BEGIN Given data

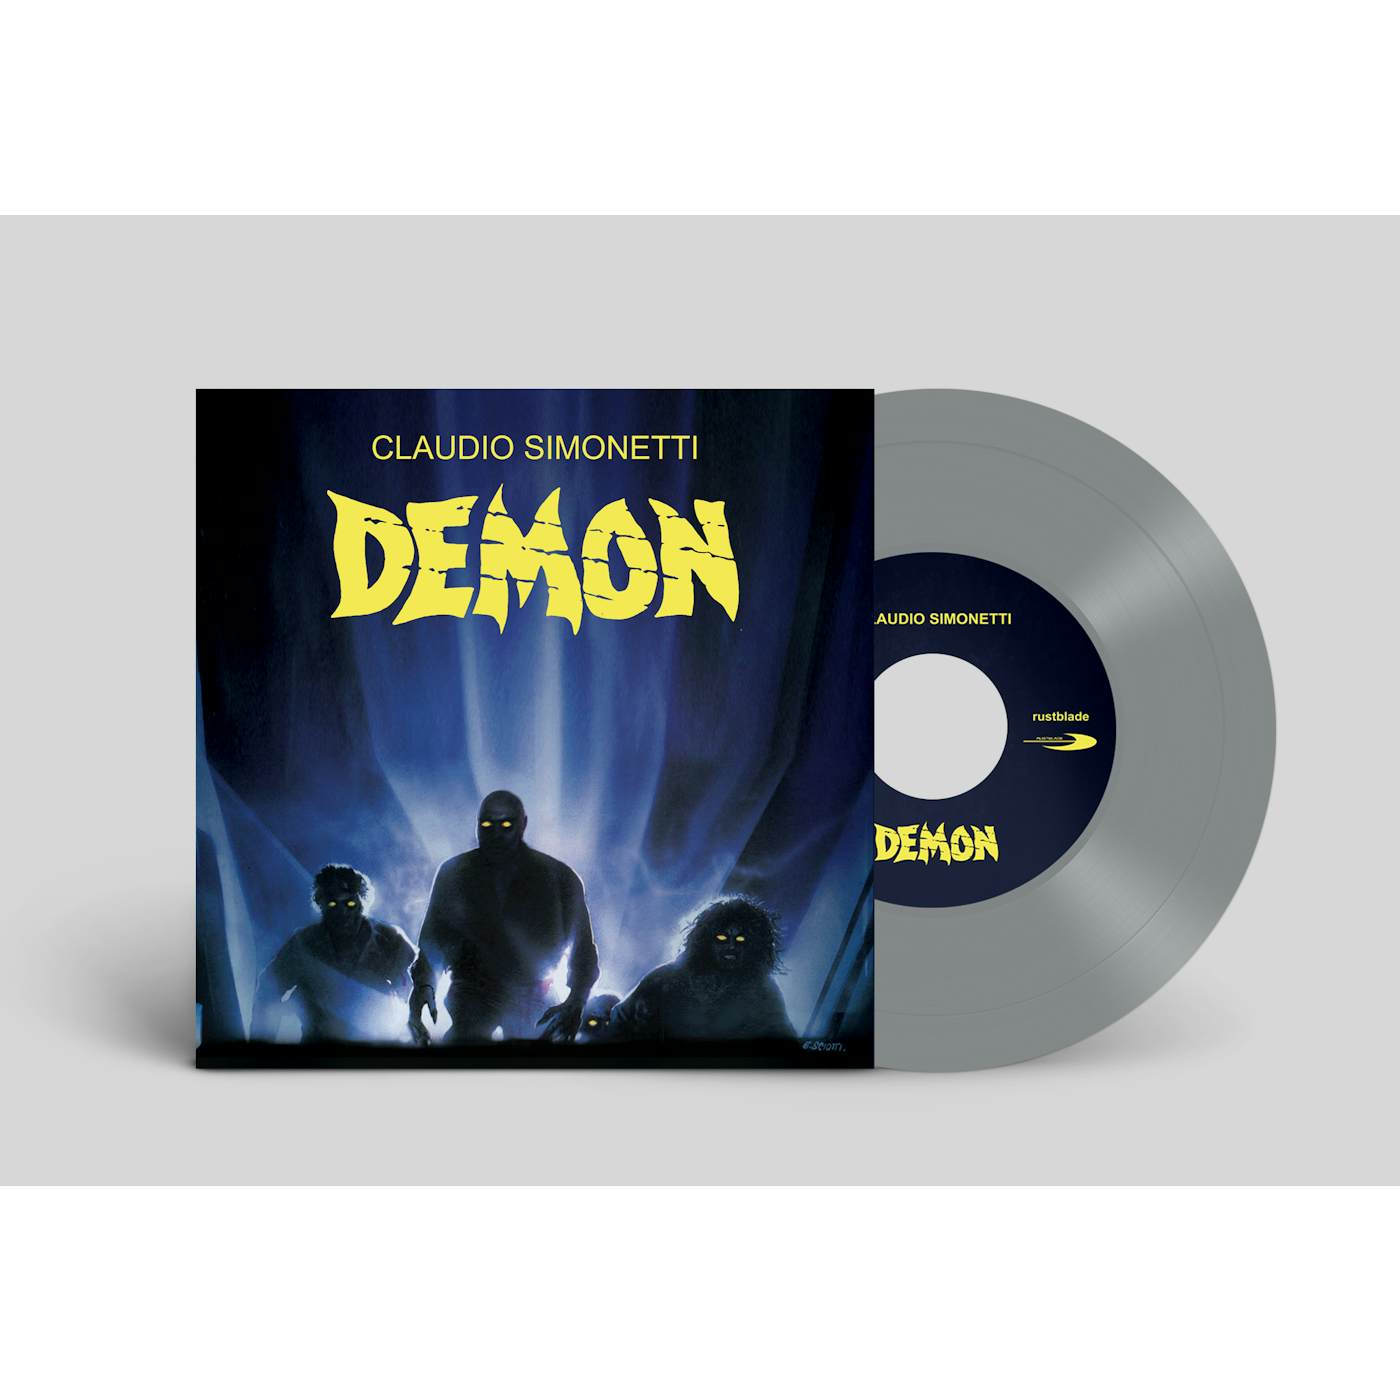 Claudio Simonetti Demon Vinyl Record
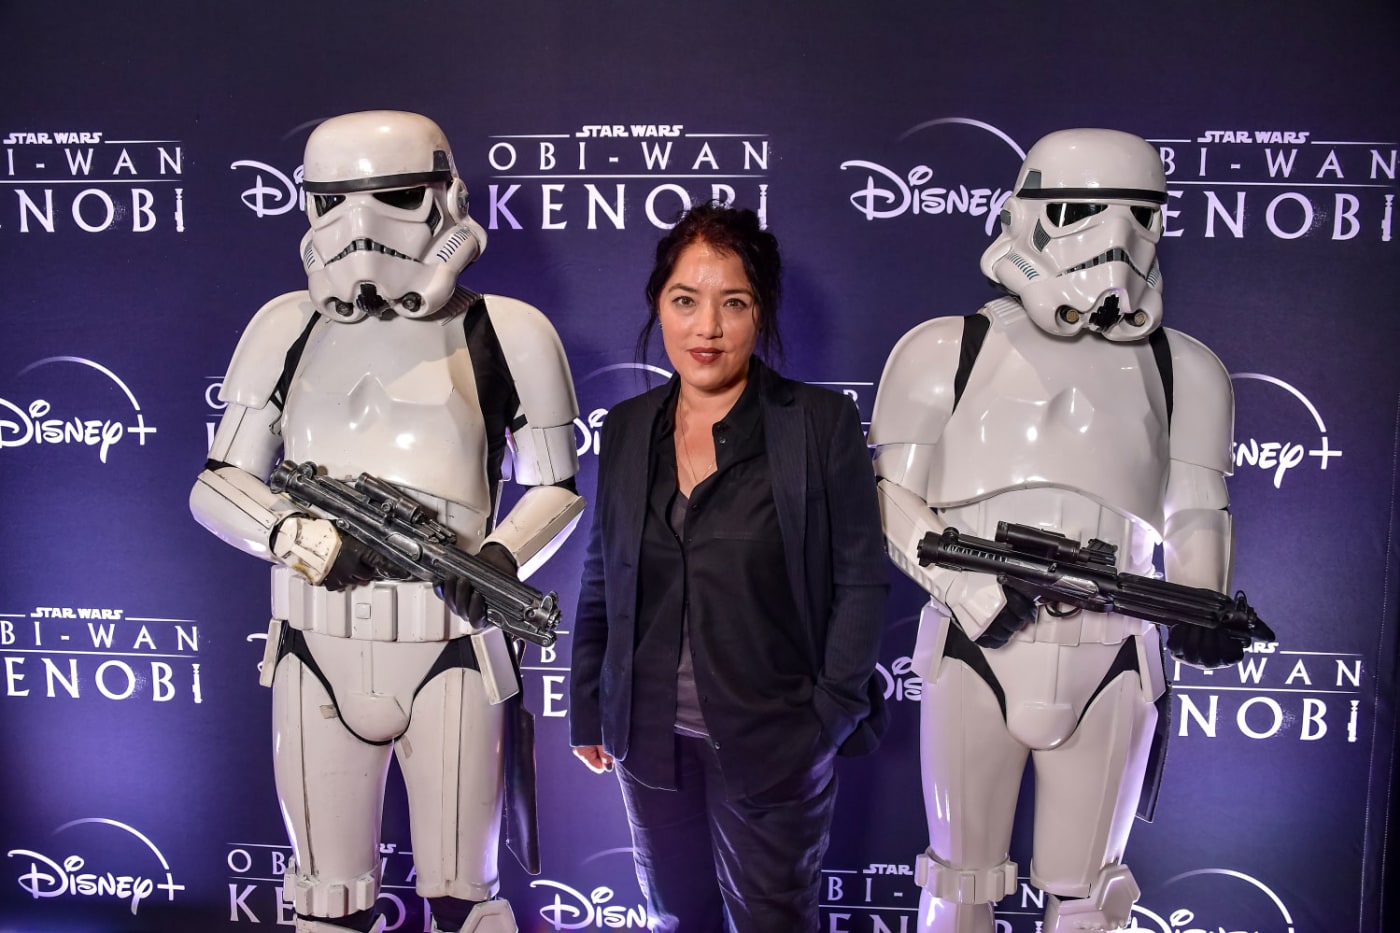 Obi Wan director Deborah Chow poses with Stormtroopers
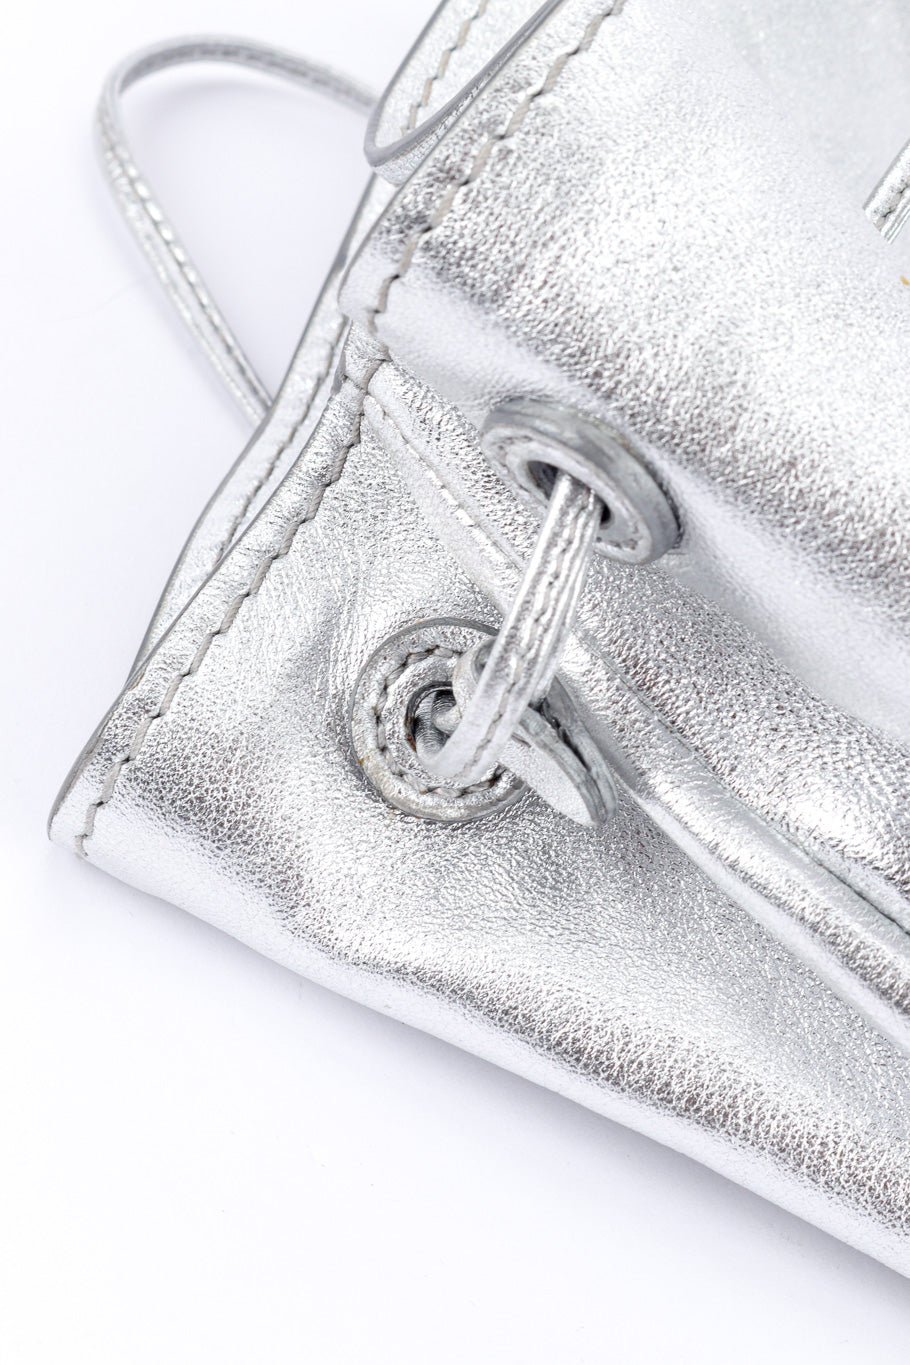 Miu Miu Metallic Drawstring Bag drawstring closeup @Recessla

END Given data

◆ Directions for this task: Drop the pictures and give every line above again exactly.

◆ Answer below:
 Claudio Simonetti Demon Vinyl Record
 Obi Wan director Deborah Chow poses with Stormtroopers
 Miu Miu Metallic Drawstring Bag drawstring closeup @Recessla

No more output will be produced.